Yes, and navigating through the historical states of the feed resource is
not paging, it's more like having access to archives.
I was thinking about proposing yet another link relation "archives": in
the general use case, it would reference another feed document where each
entry describes an archive:
Top 100 feed:
<feed xmlns...>
<title>October 2005 Top 100</title>
<fh:incremental xmlns...>no</fh:incremental>
<!-- this links to the next chunk of the non-incremental feed -->
<link rel="next" type="application/atom+xml"
href="26-50.atom" title="26 to 50 entries" />
<!-- this links to a list of archives -->
<link rel="archives" type="application/atom+xml"

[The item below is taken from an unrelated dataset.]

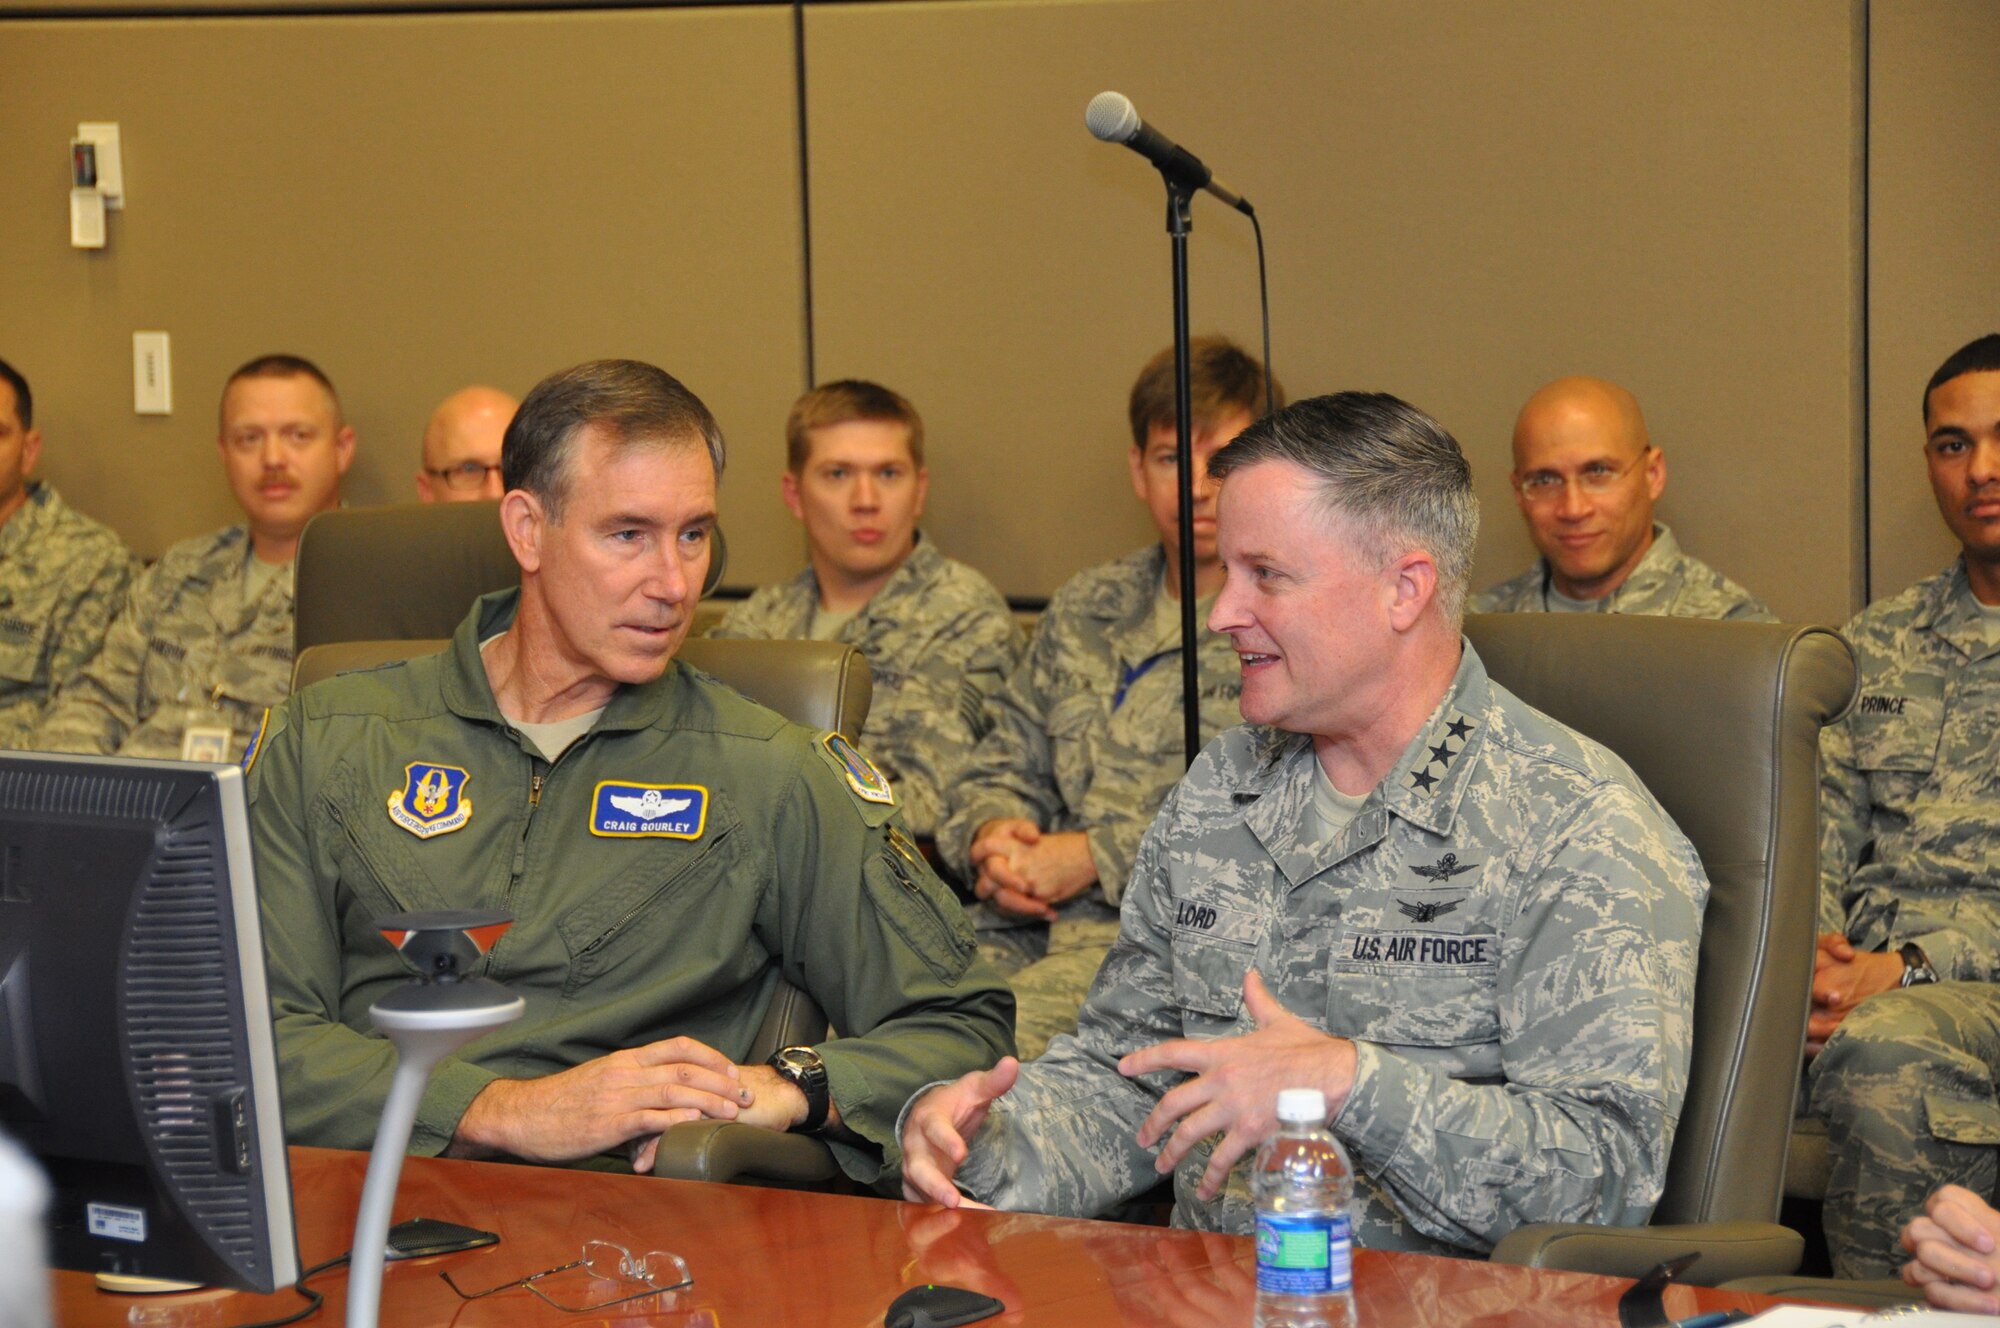 ROBINS AIR FORCE BASE, Ga. -- Lt. Gen. William T. Lord, Air Force chief of Warfighting Integration and Chief Information Officer, converses with Maj. Gen. Craig Neil Gourley, Air Force Reserve Command vice commander, just before a video teleconference session with the command's cyber warriors in the AFRC headquarters conference room. General Lord visited AFRC and the 689th Combat Communications Wing here, Jan. 6-7, 2012. (U.S. Air Force photo/Capt. Polly Orcutt)

href="../archives.atom" title="Top 100 archives" />
...
Archive feed:
<feed xmlns...>
<fh:incremental xmlns...>yes</fh:incremental>
<!-- this links to the next chunk of the archive feed -->
<link rel="next" type="application/atom+xml"
href="archives2.atom" />
...
<entry>
<title>September 2005 Top 100</title>
<content type="application/atom+xml" src="2005/09/1-25.atom" />
...
</entry>
<entry>
<title>August 2005 Top 100</title>
<content type="application/atom+xml" src="2005/08/1-25.atom" />
...
</entry>
...
September 2005 Top 100 feed:
<feed xmlns...>
<title>September 2005 Top 100</title>
<fh:incremental xmlns...>no</fh:incremental>
<!-- this links to the next chunk of the non-incremental feed -->
<link rel="next" type="application/atom+xml"
href="26-50.atom" title="26 to 50 entries" />
<!-- this links to a list of archives -->
<link rel="archives" type="application/atom+xml"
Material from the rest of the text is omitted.